2. Project Hydra: a Python wrapper to run tests in multiple simulators
The first stab we took to address the distributed testing problem was an initiative to run tests in multiple simulators. Inspired by Facebook’s xctool and a proof of concept of running iOS tests on multiple simulators from Johannes, we built a Python wrapper on top of xctool to run iOS tests on multiple simulators. This approach helped stabilize our continuous delivery environment. However, we found several problems with this approach:
It was based on xctool: xctool is a great tool to make it easy to test iOS products. However, active development on xctool was stopped, and the project owners no longer maintain it. This left us with only two choices: either fork and refactor xctool, or build our own testing tool. After some investigation, we found it was easier to build a simpler tool to focus on running tests in multiple simulators.
It was a mere Python wrapper of xctool binary: The Python wrapper was built on top of the xctool binary and it didn’t have access to the CoreSimulator APIs. Managing simulators was difficult, since we couldn’t talk to the simulators directly.
As existing solutions couldn’t satisfy our requirements, we decided to build our own iOS UI test runner to execute tests in multiple simulators. The tool is written in Objective-C, and is built on top of Apple’s CoreSimulator framework.
The project name Bluepill is inspired by the The Matrix's “blue pill,” which represents an illusion. Bluepill creates an illusion that tooling just works magically, so that engineers can focus on coding.
Bluepill runs tests in parallel using multiple simulators. The main features supported are:
- Running tests in parallel by using multiple simulators.

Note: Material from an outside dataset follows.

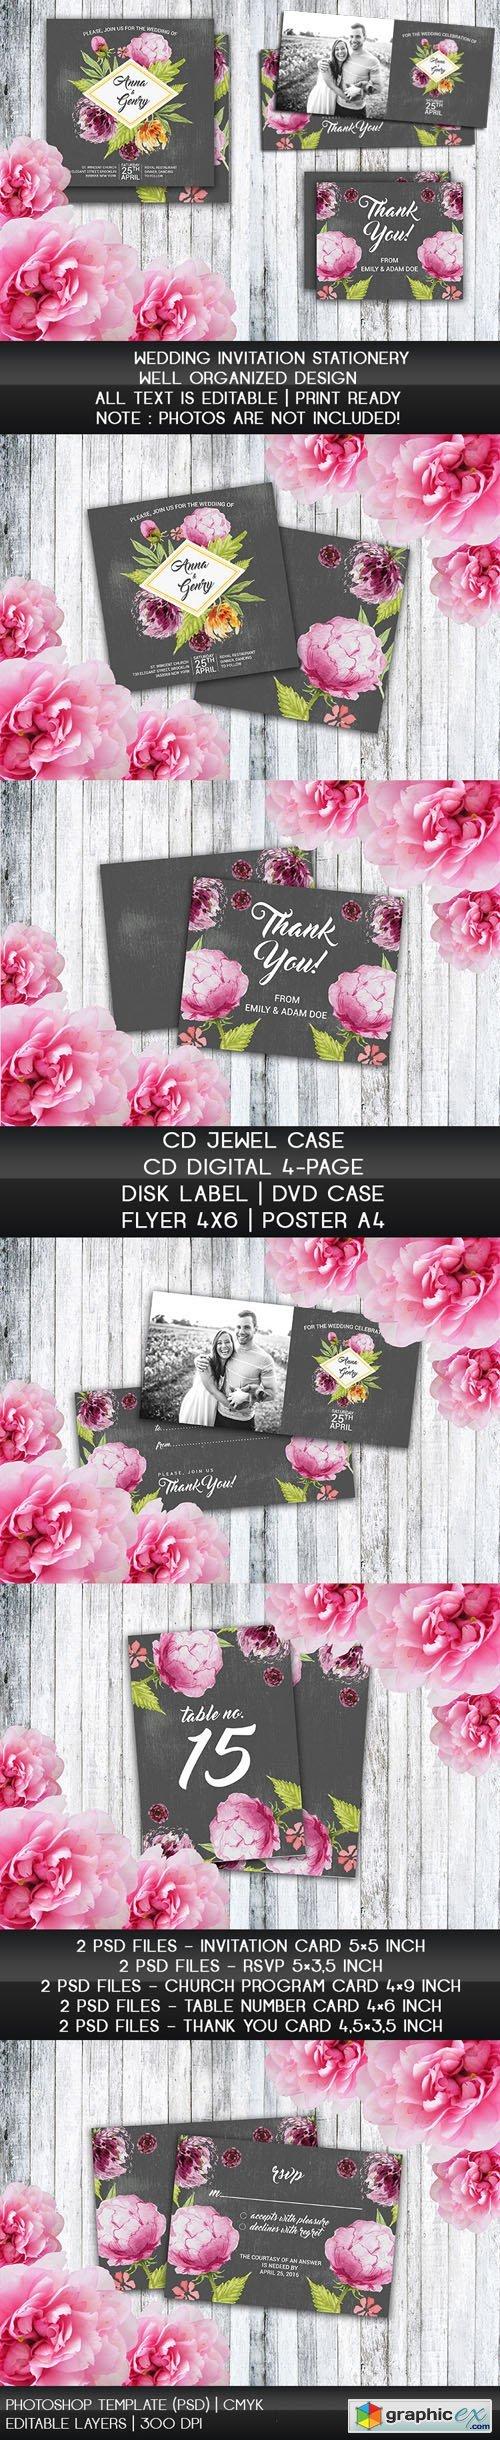 Wedding Invitation Stationery Psd Templates Free Download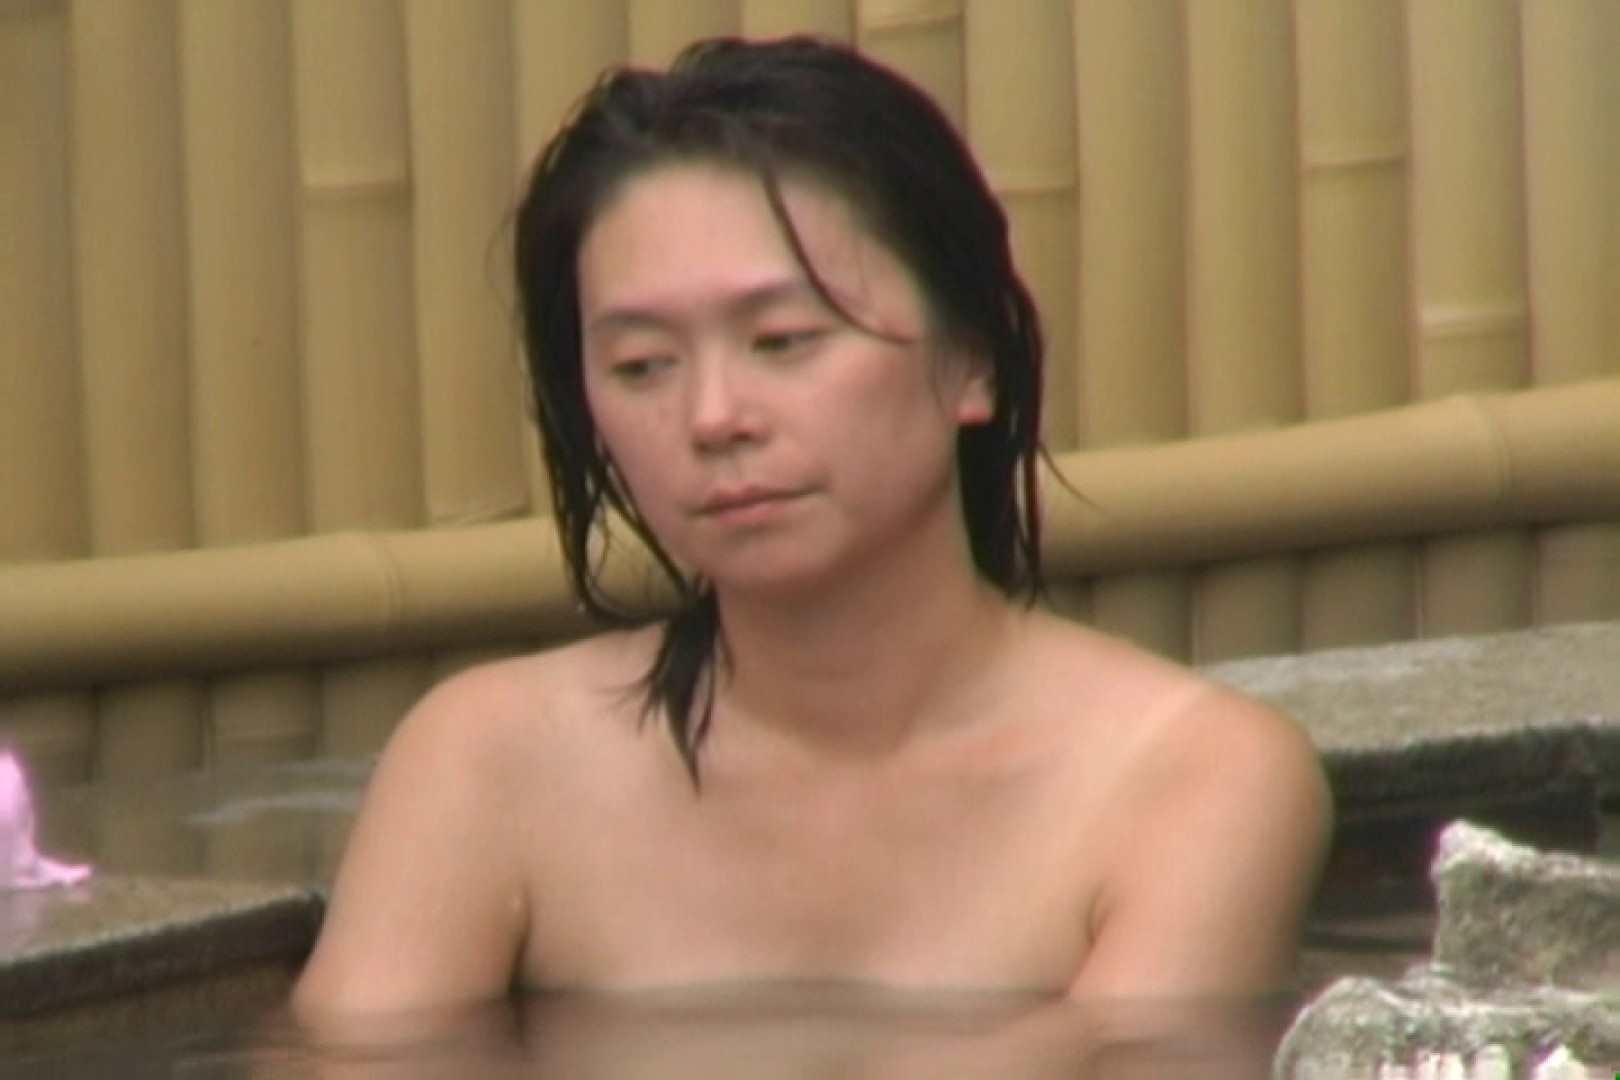 Aquaな露天風呂Vol.619 エッチな盗撮 ワレメ無修正動画無料 107pic 48

- Automatically packing tests into groups with similar running time.
- Running tests in headless mode to reduce memory consumption.
- Generating a junit report after each test run.
- Reporting test running stats, including test running speed and environment robustness.
- Retrying when the Simulator hangs or crashes.
Here’s a demo of Bluepill in action:
It is quick and easy to start using Bluepill! In a simplified scenario, you just need to run the following command, and Bluepill will kick off four simulators to run your tests in parallel. By the end of the test run, it will generate a report in ./output.
./bluepill -a ./Sample.app -s ./SampleAppTestScheme.xcscheme -o ./output/
Alternatively, you can have a configuration file like the one below:
And run ./bluepill -c config.json
A full list supported options are listed here.
Open sourcing Bluepill
We’re more than happy to announce that Bluepill has been open sourced under the BSD 2-Clause license and that the code is available on Github. Contributions and suggestions are welcome!